感情の揺れ方

それでも笑っていたい

感想:月組公演『グレート・ギャツビー』

 美しいものを見て自然と涙がこぼれるという経験をしたことはあるが──太陽を反射する春先の通り雨、エル・グレコがキャンバスに刻んだ騎士の忠誠、オナガドリのはく製──舞台に立つ人間の、それも、ただスポットライトを反射する後ろ姿を見てその美しさに涙するという経験は初めてだった。舞台人として、男役として、トップスターとして、月城かなとはその境地に立っている。

「私がギャツビーです」

 冒頭、ウェスト・エッグの邸宅で毎週末に開かれるパーティの場面。禁酒法を気にもかけない面々をかきわけて現れる屋敷の主ジェイ・ギャツビー。
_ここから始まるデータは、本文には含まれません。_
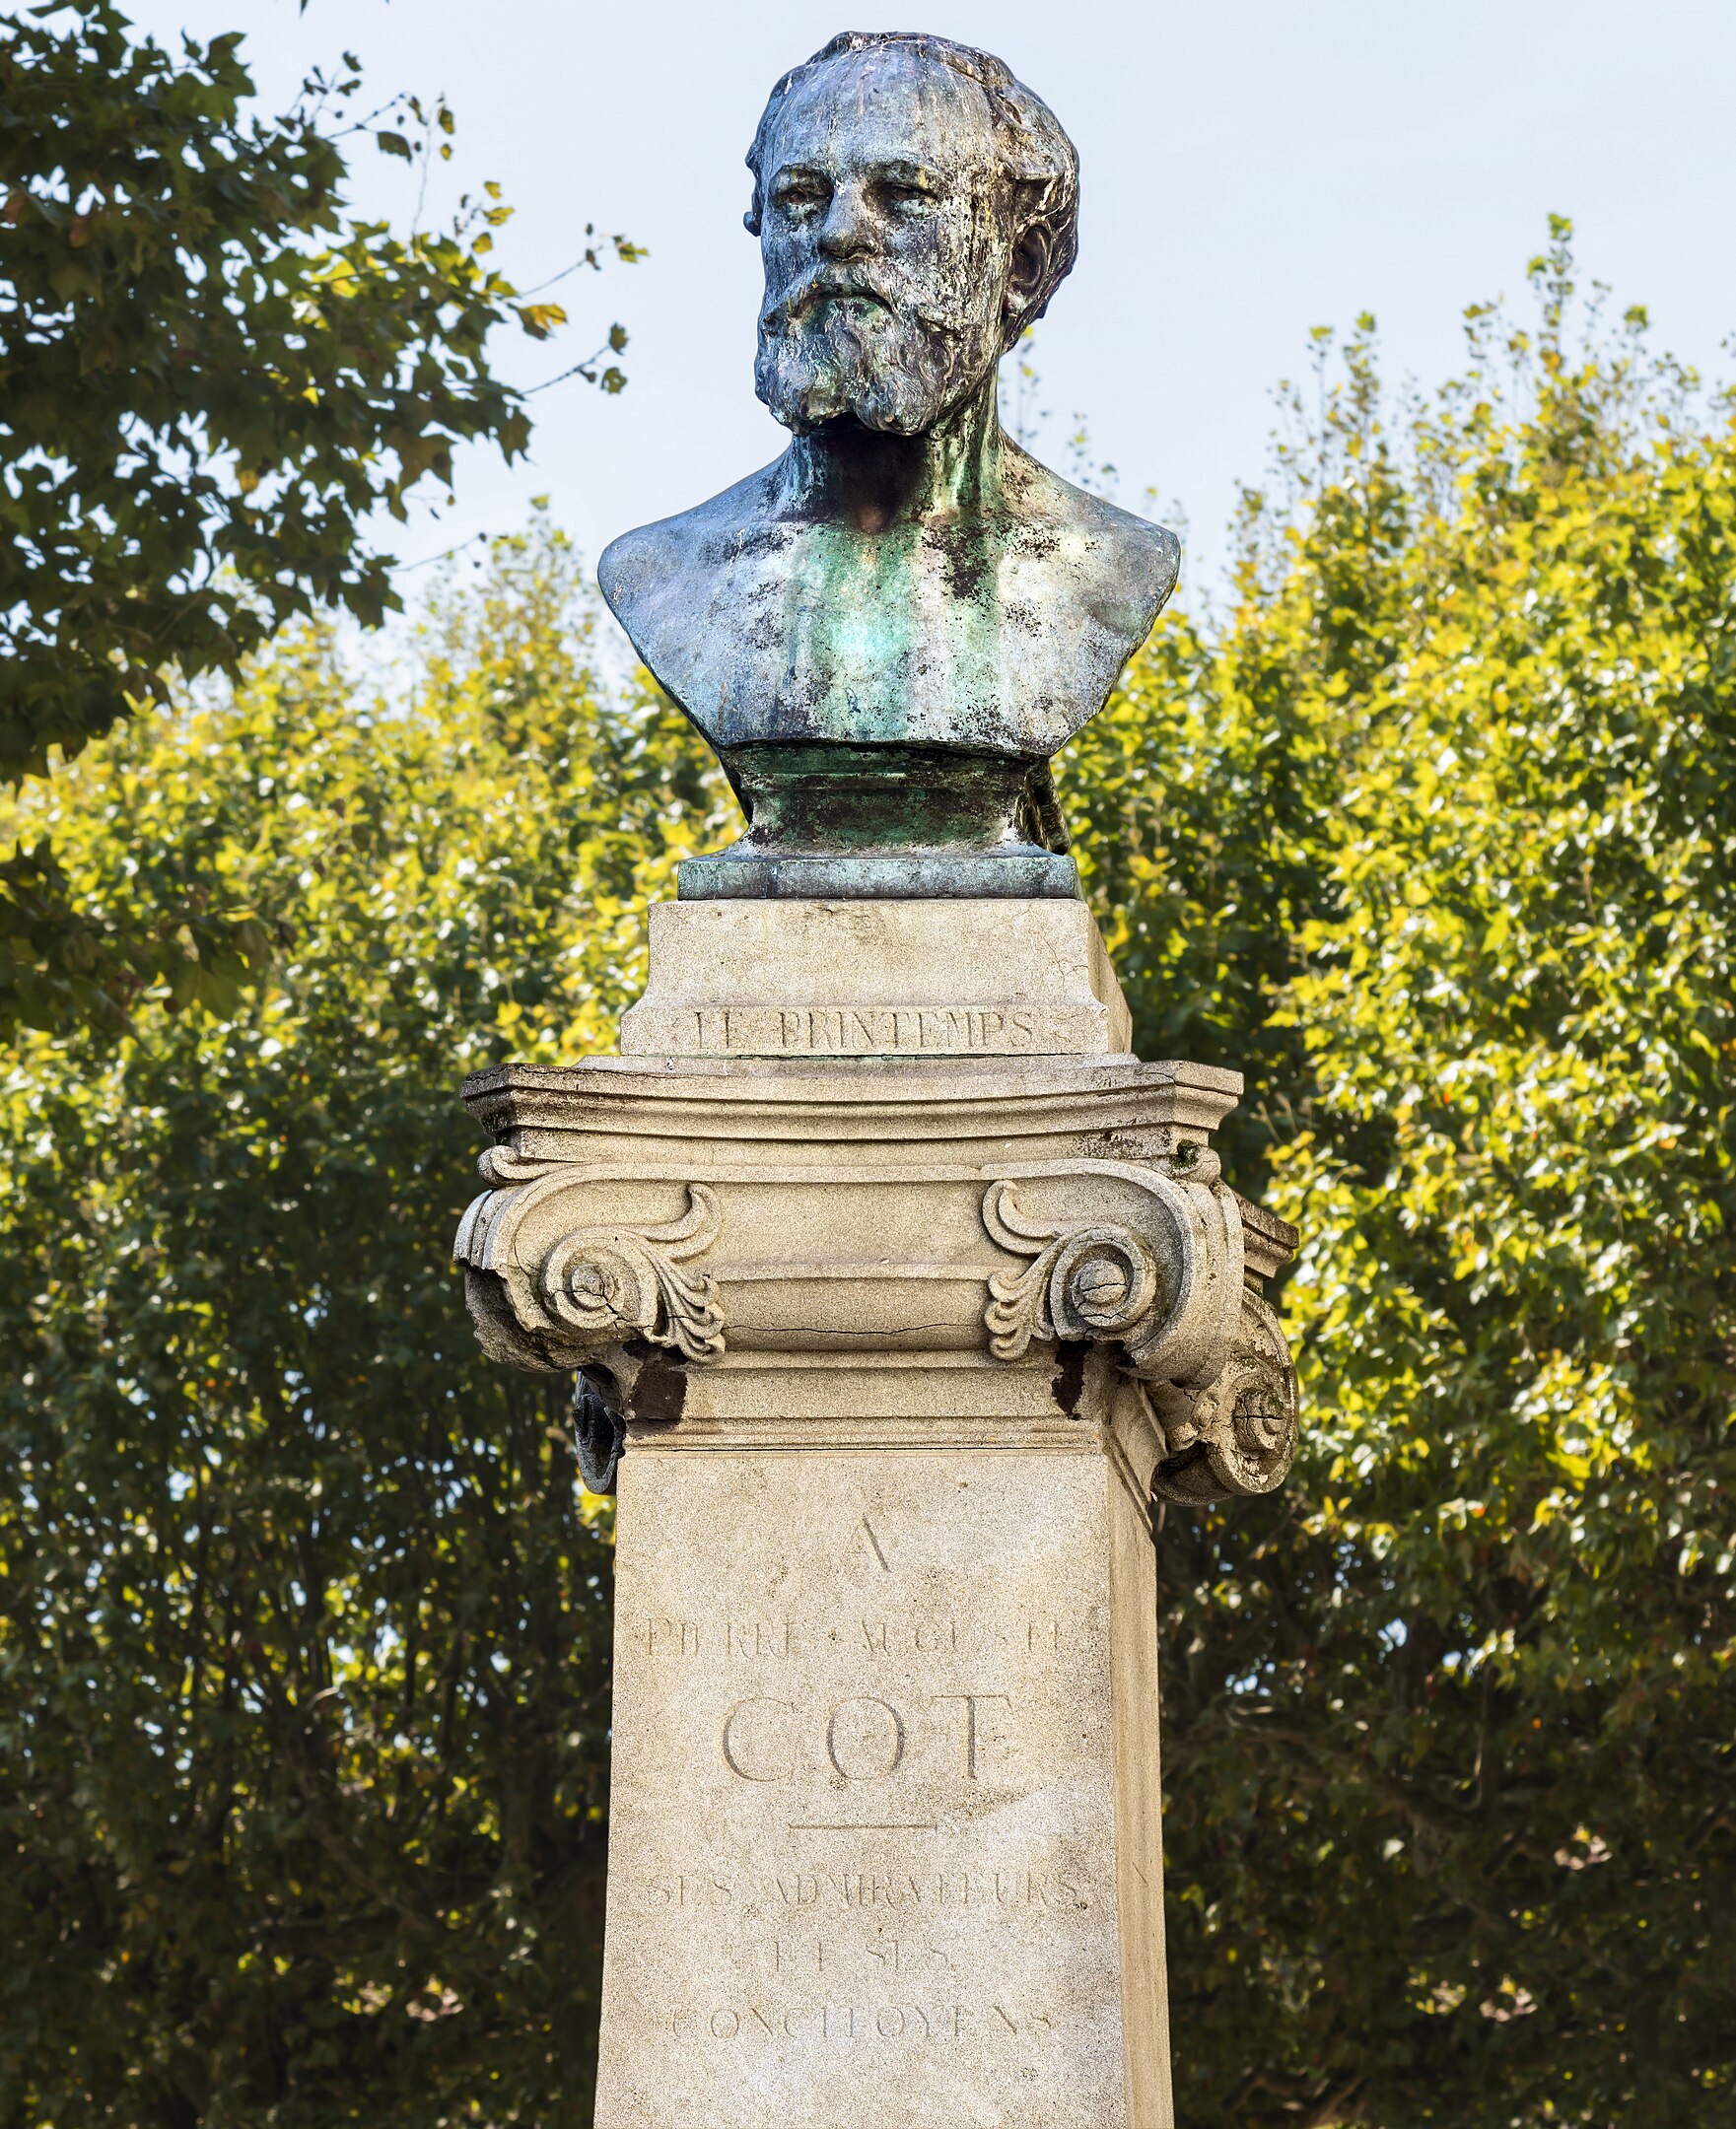 Pierre Auguste Cot - 17 de Fevereiro, 1837 - 2 de Agosto, 1883

完璧と言っていいほどの立ち姿と発話に、それを引き立てる演出。2008年の日生劇場公演は組子全員が出演していたわけではなく、迫力を前面に押し出すような演出は目立たなかったが、今回は本公演ということもあってより派手な、あの時代特有の喧騒に引き込まれる。その中にあって嫌に落ち着いた、それでいて不穏な雰囲気を抱えるギャツビー。誰もが知っている『グレート・ギャツビー』が舞台に再現されるのだ。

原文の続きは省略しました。